Kostroma-Kolada-Kostrub

Jeden z dwugłowych bogów stron i pór – Kirów. Włada runem siewiernym, co oznacza, że głównym jego dziełem jest hamowanie życiowych soków i wszelkich oddziaływań, zestalanie, skamienianie, zeskorupianie doprowadzanie do stanu zamarcia i bezruchu. Jako prawią tak jest – każdy z Kirów dwie ma głównie, dwa oblicza bardzo różne, a z nimi dwa odmienne serca. Tak samo Kostroma, jako inni Kirowie, ma oblicze męskie i żeńskie, twarz młodą i starą, serce szybkie i wolne. Jednakowoż niezależnie czy pod postacią młodej Maslanicy, babskiej Kostrubonki, męskiego Kostruba, ostrego Kraczuna, łagodnej Kolady zawsze jest ówże Kir kierem morzącym. Kto by pomyślał, że nic dobrego być nie może w takim runie ten się myli ponieważ to dzięki owemu runowi krew przestaje płynąć z rany, a ona sama zestrupia się i goi.
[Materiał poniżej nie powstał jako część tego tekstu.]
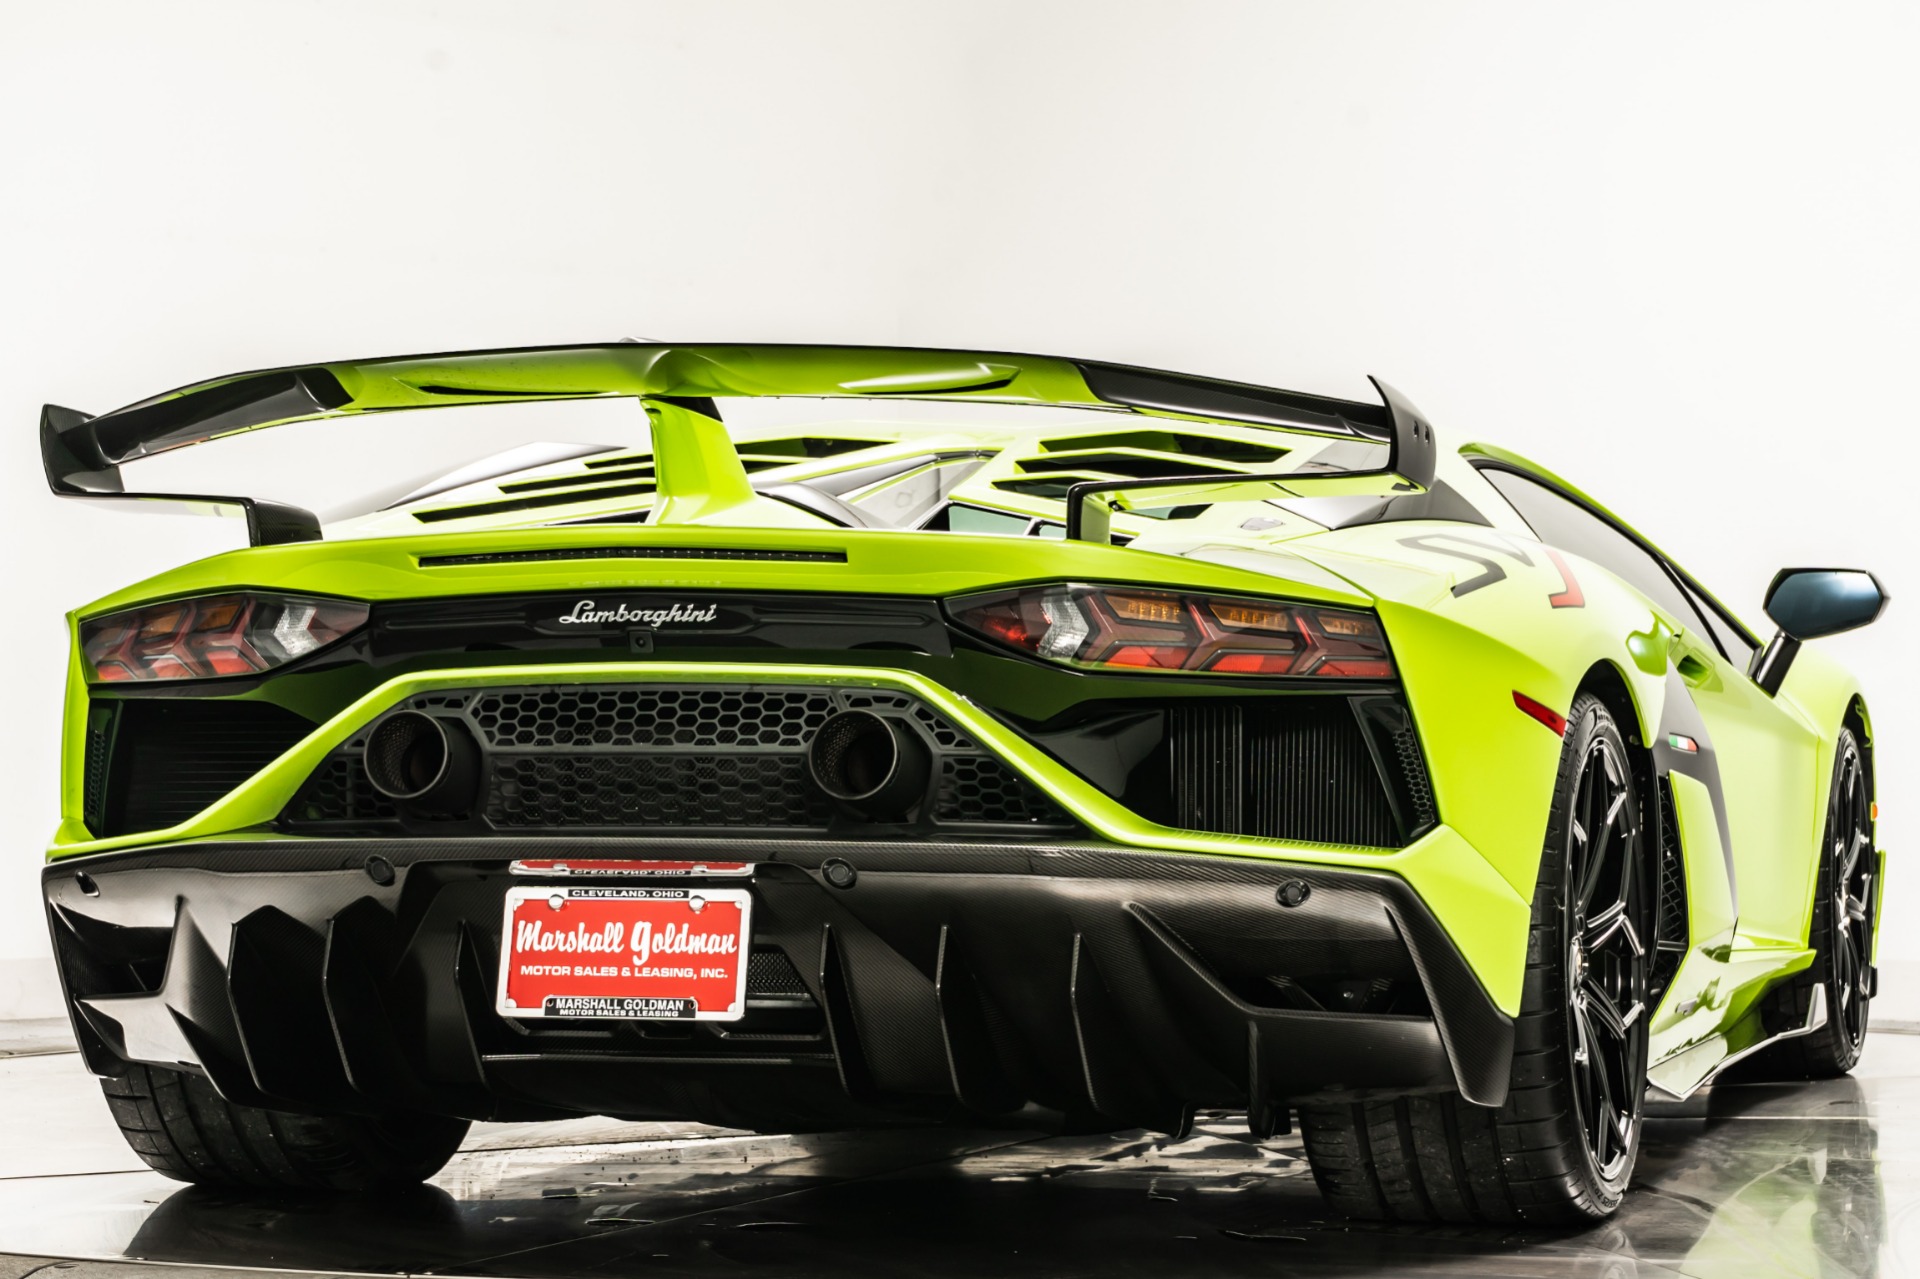 Lamborghini and Supreme: new collection for Spring-Summer 2020

Dzięki niemu wody przestają płynąć dając spoczynek Ziemi, ogień przestaje płonąć, gaśnie światło dnia, na zmęczonych przychodzi sen, a na chorych sen wieczny.
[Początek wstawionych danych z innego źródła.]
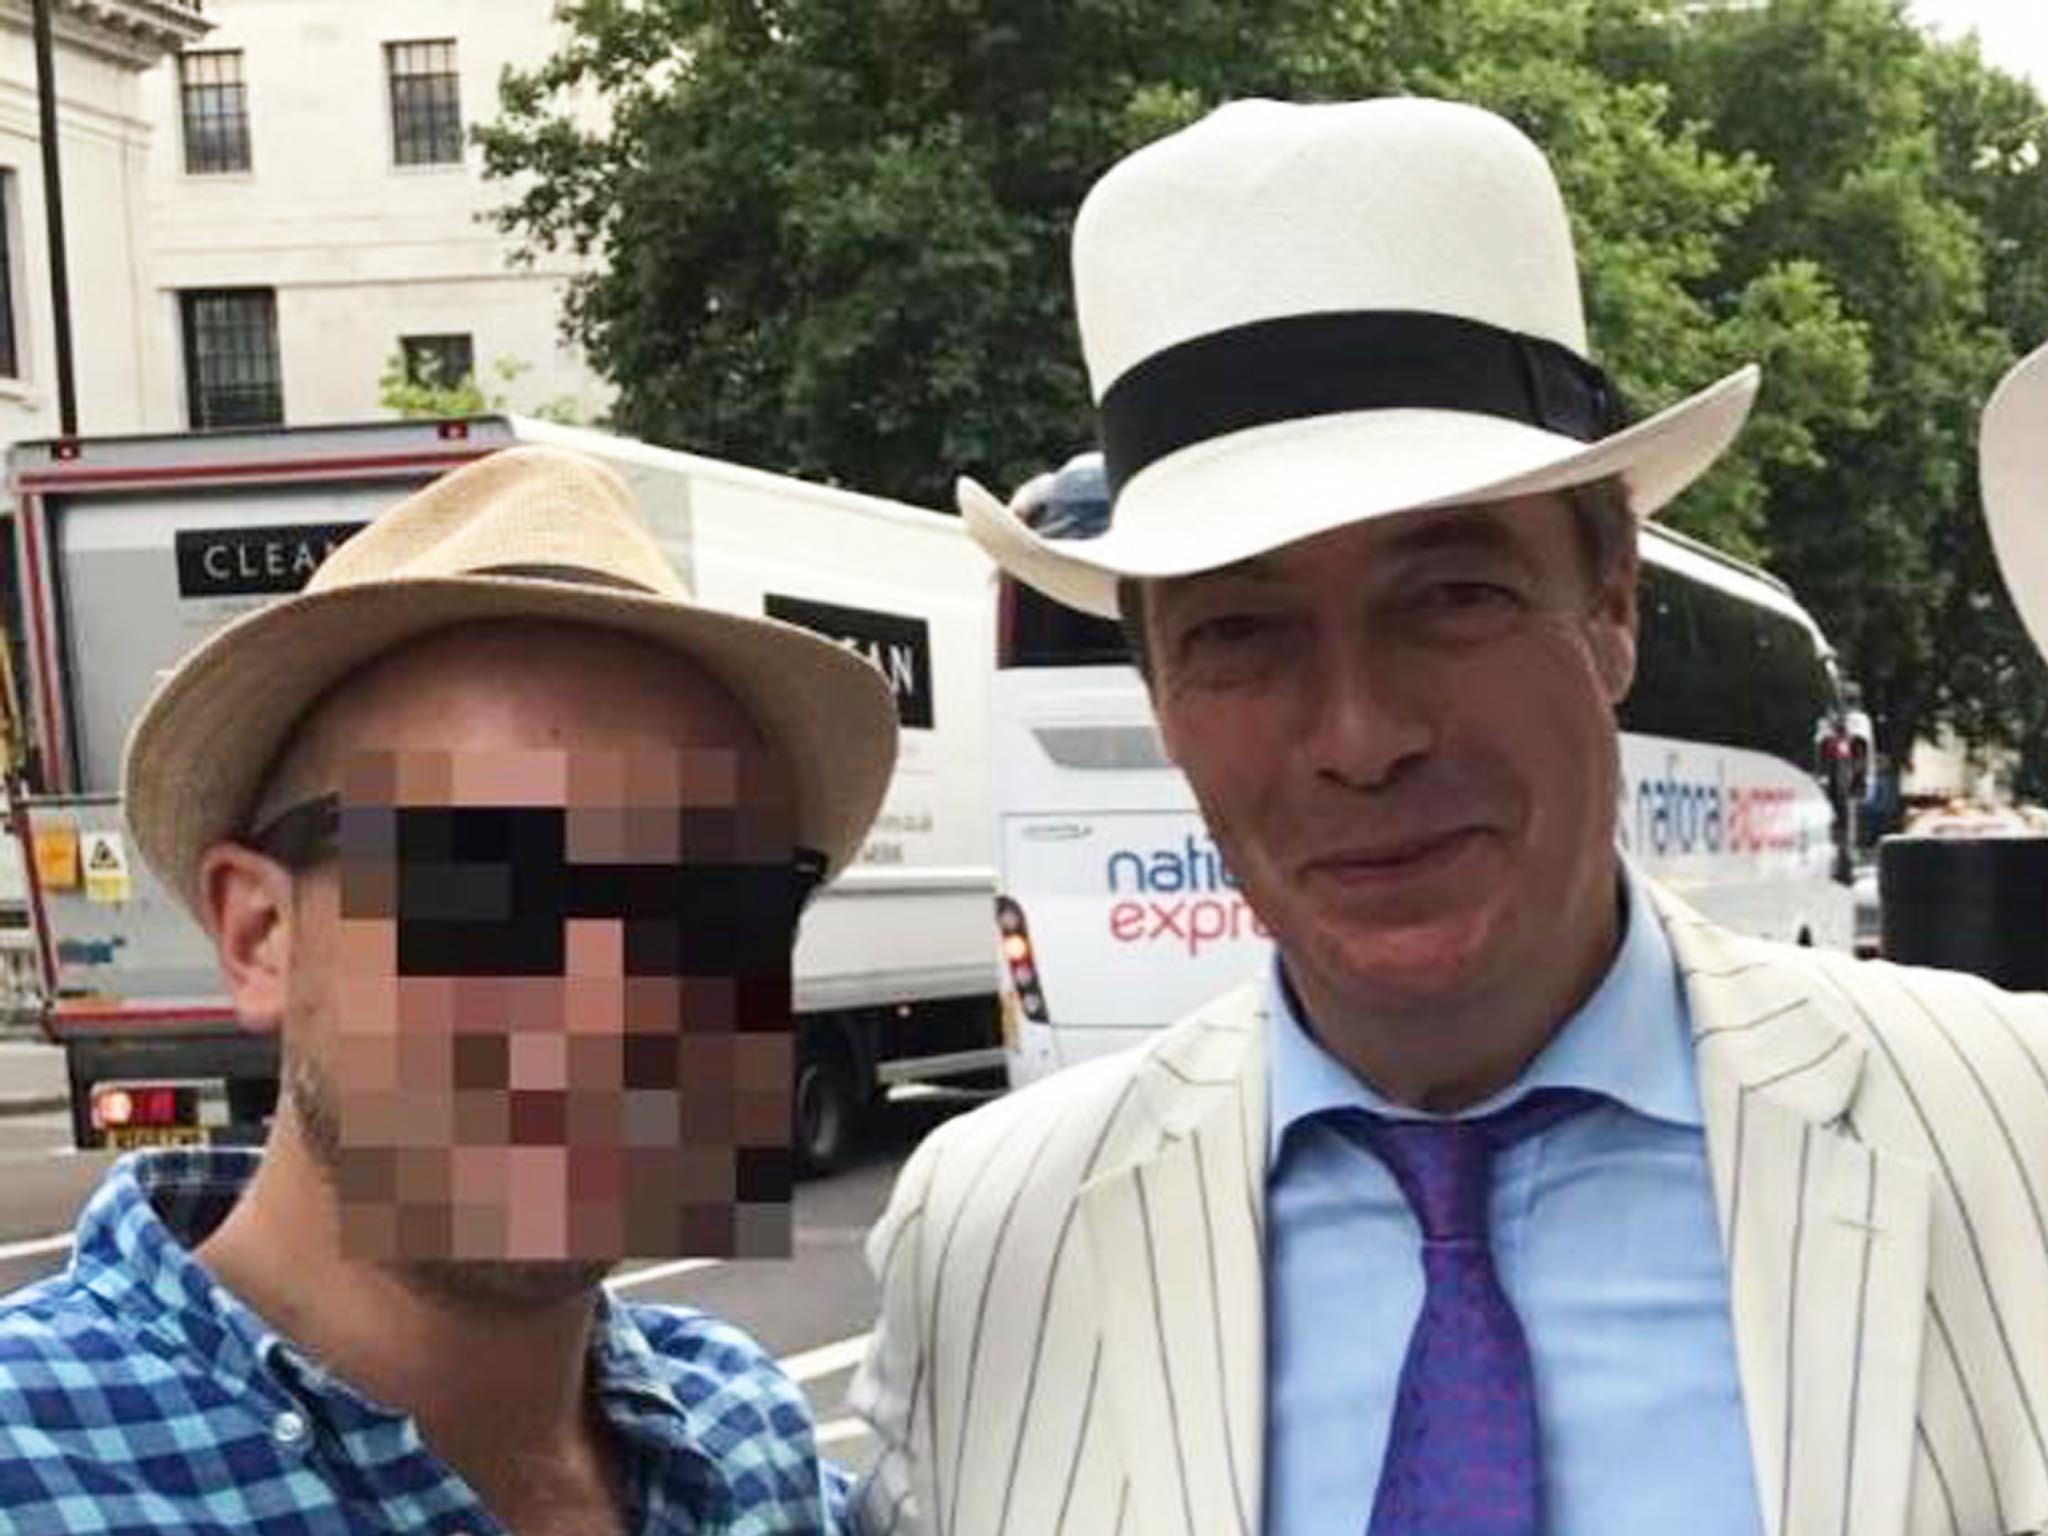 Nigel Farage posed for photographs with cricket fans outside Lord's before claiming uber drivers "are not our people"

Wszystkie Boginie Kiru czyli Strony i Pory nosiły tytuły  Matki Ziemi oraz Pani odpowiedniej Pory i Runu (Kirunku) – w tym wypadku Ostary-Kostromy to Noc i Nicość, związana z Zimą i Ziemią. Ich męskie odpowiedniki  Bogowie Kiru nosili tytuły Panów Ziemi, gdyż obie formy panowały nad porami roku i kierunkami rozwoju bądź zanikania życia na Ziemi. Święto Wielkiej Nocy jest związane z Wiosennym Zrównaniem Dnia i Nocy i w związku z tym jest przejściem od Zimy – Kostromy- Ostary, która odchodzi (topienie Marzanny – Bogini Moru, Mroku i Mrozu)  i nadejściem w jej miejsce Wiosny w postaci żeńskiej Jaruny i męskiego Jaryły.


Czas Kostromy i Morów

Kalendarz Księżycowy na przełomie 2009 i 2010 roku wyjątkowo mocno rozszedł się z Kalendarzem Słonecznym. Rozziew był tak duży, że świętowaliśmy grubo zanim zaczęła się prawdziwa Księżycowa Zima – co nastąpiło dopiero 1 stycznia. Wtedy właśnie – 1 stycznia – powinno mieć miejsce Święto Światła Świata, które powinno się zakończyć  6 dni później. W pewnym stopniu tłumaczy to dlaczego wielkie mrozy i śniegi rozpoczęły się dopiero po świętach w Polsce. po prostu święta odeszły od daty księżycowej – a wiadomo, że zmianę Daty i Pogody przynosi Pełny Księżyc – Łuna.

Wtedy to nadchodzi Czas Kostromy -wyjątkowo ostre Trzy Kostre Miesiące: Styczeń-Prosiń- (Miesiąc ppod Opieką Bogów Wiatrów – Wijnsów (zapisane w starych kronikach jako Flins), Luty-Sekel (Miesiąc Morów – po jego ostatnim dniu rozpoczyna się ten miesiąc, który obecnie nazywamy Marcem a dawniej Marżykiem, a który inni Słowianie nazywają inaczej (patrz Taja 13) . Widać z tego jasno, że w Polsce nazwy Braci Miesięcy którzy chodzą jeden po drugim przez cały God zostały przestawione: powinno być: po Prosiniu – miesiącu Wiatrów, Marżyk – miesiąc Morów, a po Marżyku Sekiel – luty, a luty bo to miesiąc Bogów Nieba – Sołów, a więc skoro zima i słońce to mróz luty trzyma. Dopiero po pełni księżycowej kończącej Czas Sekela (Sokoła ptaka Sołów – od nich obu – Sokołów i Sołów –  mamy nazwy ludów: Skołotów – Sokołotów, Braci Sokołów jak i Słowian- Sołwian – Wiana Słońca – Dzieci Sołów) czyli po Równonocy Wiosennej rozpoczynał się Wielką Nocą Nowy Rok-God i nowy przejściowy, kapryśny, krótki, nieforemny, kilkunastodniowy miesiąc Świcień.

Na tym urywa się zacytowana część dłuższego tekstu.